As chuteiras abertas da América-Latina: Lutar pela própria História
Talvez por nunca ter ganho uma Libertadores em sua história, o San Lorenzo de Almagro é um clube pouco falado fora da Argentina.
Acontece que, além de uma grande tradição nacional, El Ciclón (como é conhecido) tem uma torcida pra lá de apaixonada. Torcida essa que deveria servir de exemplo a todo o mundo.
Digo isso porque, semana passada, Buenos Aires parou. Parou como se tivesse sido atingida por um ciclone.
Na ocasião, mais de 15 mil pessoas marcharam em direção à câmara legislativa da cidade, bloqueando trânsito e tudo mais o que estivesse no caminho.
Era a torcida do San Lorenzo.
E a manifestação não era uma festa, uma comemoração de um título. Era um ato político.
Um ato que tinha a ver, ao mesmo tempo, com a História do clube e com a tenebrosa História da ditadura militar argentina. Porque ambas se cruzam, quando pensamos no atual estádio do Ciclón: o Nuevo Gasometro.
Sim, o estádio não é chamado de “nuevo” (novo) à toa. Houve um tempo em que existiu um Viejo (velho) Gasometro.
Acontece que, durante o “governo” do ditador Jorge Videla – um dos mais sangrentos da América Latina – o antigo estádio de Almagro deixou de existir.
Sobre o pretexto de construir moradias populares, Videla decretou a demolição da arena, conhecida como El Wembley Porteño.
Meses depois, ao invés de casas, um supermercado Carrefour foi erguido no local.
Onde havia um gramado histórico, palco do Sul-Americano de 29 e de jogos épicos, foram colocadas prateleiras e caixas.
Só que a memória do Viejo Gasometro nunca deixou de existir. Tanto é que, em uma de suas andanças cotidianas, o escritor argentino Osvaldo Soriano achou, no supermercado, o ex-atacante Sanfilippo, artilheiro nacional de 1958 a 61.
E segundo Soriano, assim se deu o encontro: “Fui com José Sanfilippo, o herói da minha infância. (…) De repente, quando nos aproximamos das caixas, Sanfilippo abre os braços e me diz: ‘E pensar que bem dali meti um gol de bate-pronto no Roma, naquela partida contra o Boca’ (…) De repente corre como um coelho apesar do terno azul e dos sapatos lustrosos: ‘deixei-a quicar e plum!’. Dispara com a esquerda. Nos viramos todos para olhar na direção da caixa, onde há trinta e tantos anos estava o gol, e parece a todos nós que a bola entra por cima, justamente onde estão as pilhas para rádio e as lâminas de barbear. Sanfilippo levanta os braços para festejar. Os fregueses e as caixas quase arrebentam as mãos de tanto aplaudir. Quase comecei a chorar.”

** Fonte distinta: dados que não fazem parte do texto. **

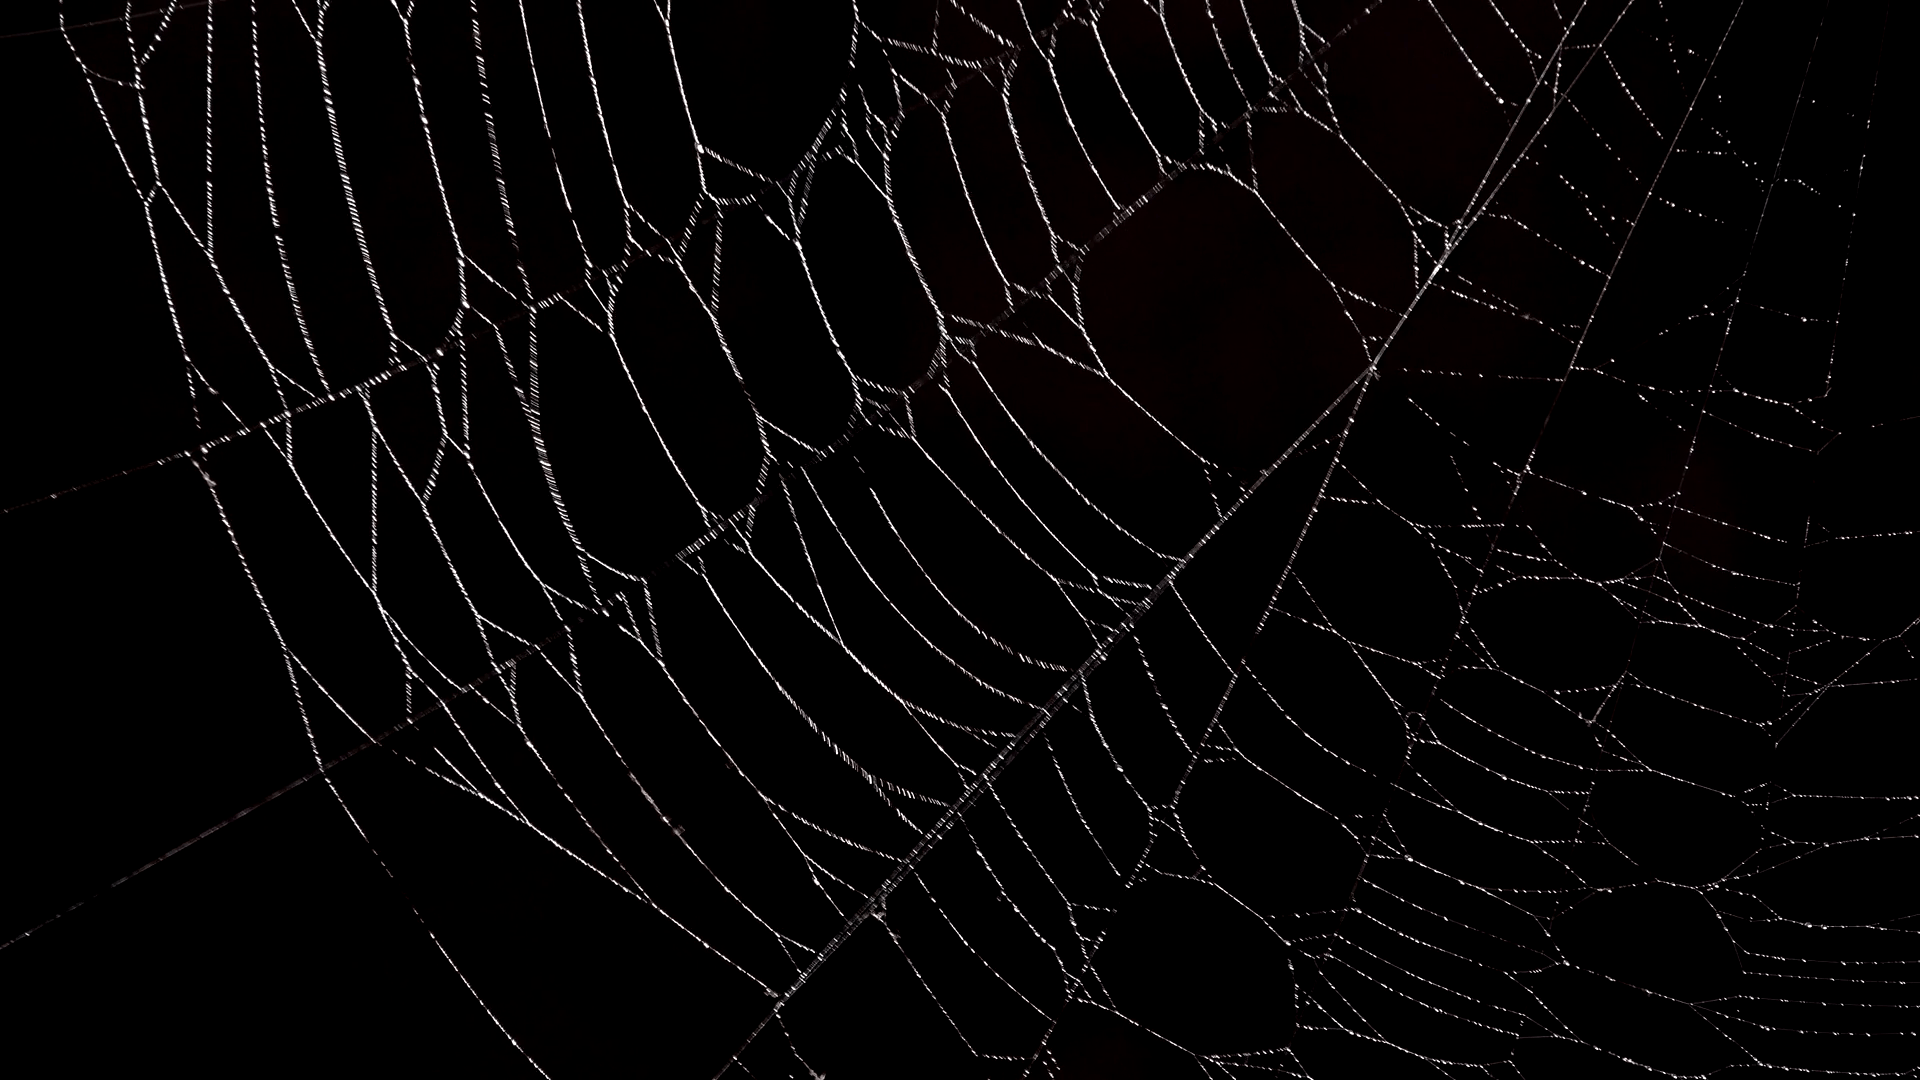 Focus on spider web, night dark background Stock Video Footage
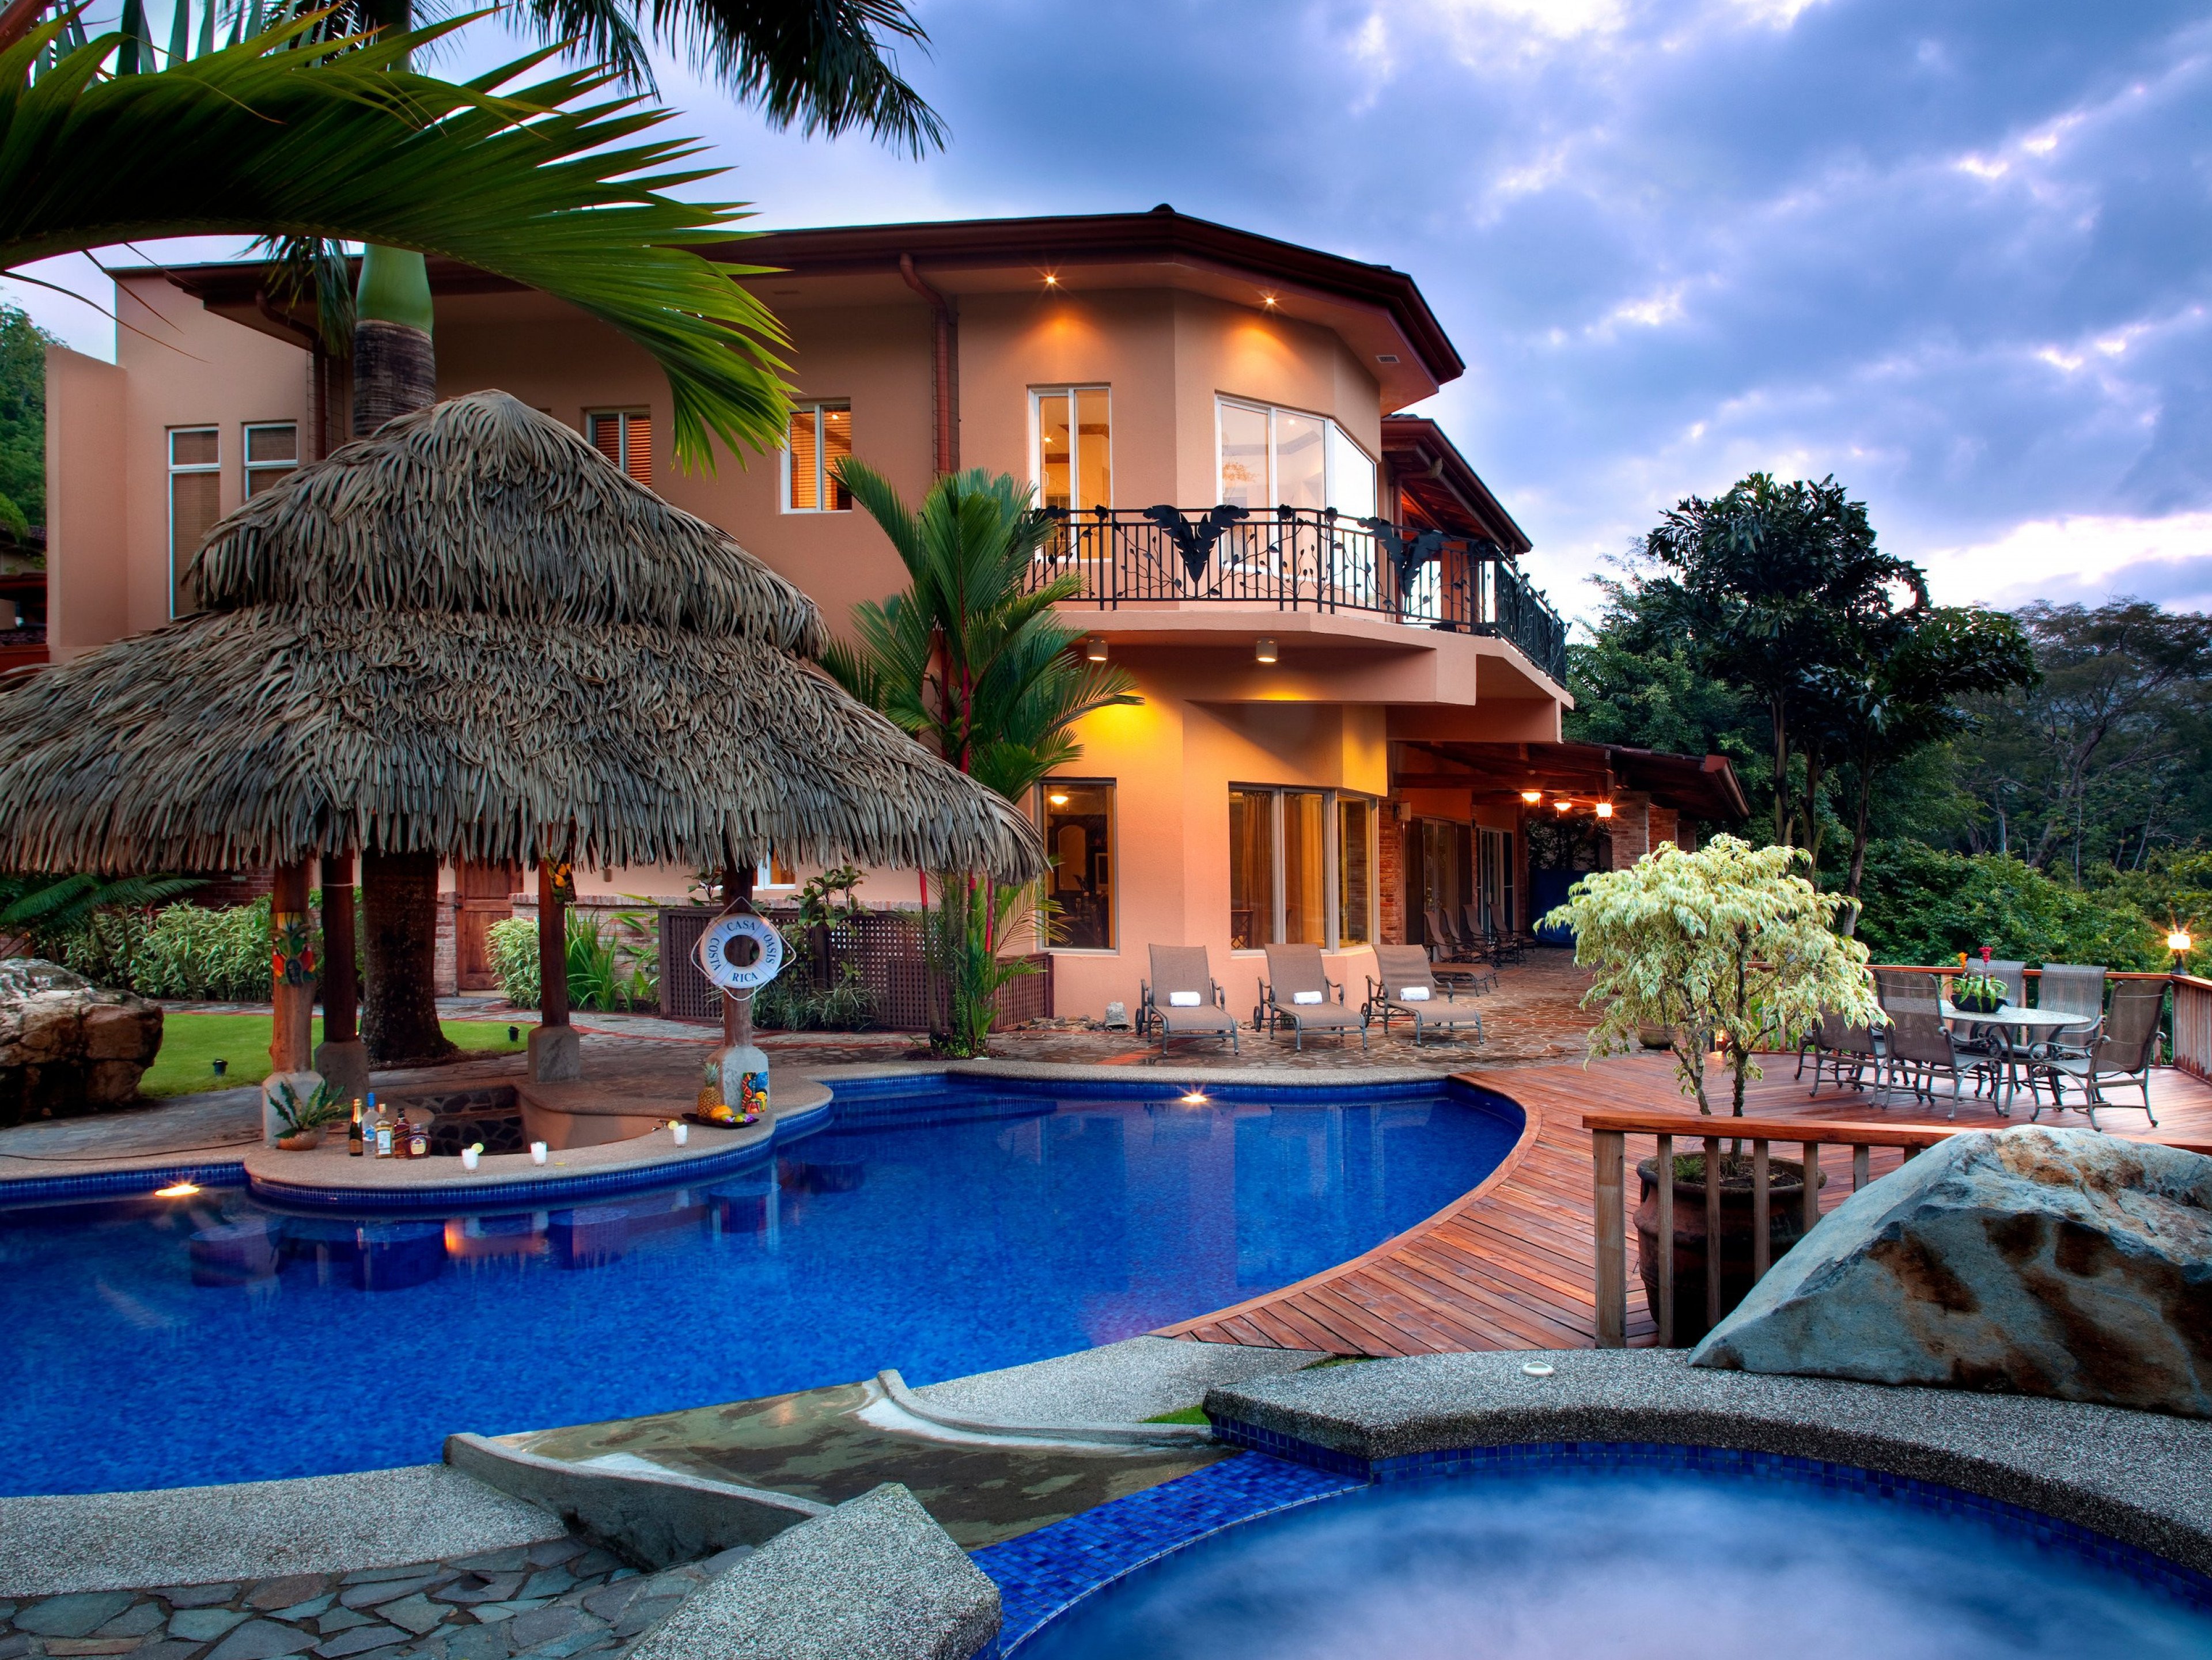 Costa Rica 55 Costa Rica vacation rentals near Envision Festival

Emocionante, a história revela, ao mesmo tempo, o amor da torcida do Ciclón pelo velho estádio, e a crueldade que foi a demolição do mesmo.
Talvez por isso, a mesma torcida que aplaudiu Nene Sanfilippo na década de 60, decidiu ir às ruas exigir a acatação do projeto de lei do deputado Gonzalo Ruanova, que propõe a devolução do antigo terreno ao San Lorenzo, e o repasse do terreno do Nuevo Gasometro ao governo.
Sem dúvida, uma alternativa mais do que razoável, dada a aversão que os próprios torcedores do clube tem pelo seu atual estádio e por tudo o que ele representa.
Só que claro, como sempre, resta aguardar o desenrolar dos fatos. Mas os “hínchas” do Ciclón fizeram sua parte. E que sirva de exemplo ao mundo inteiro.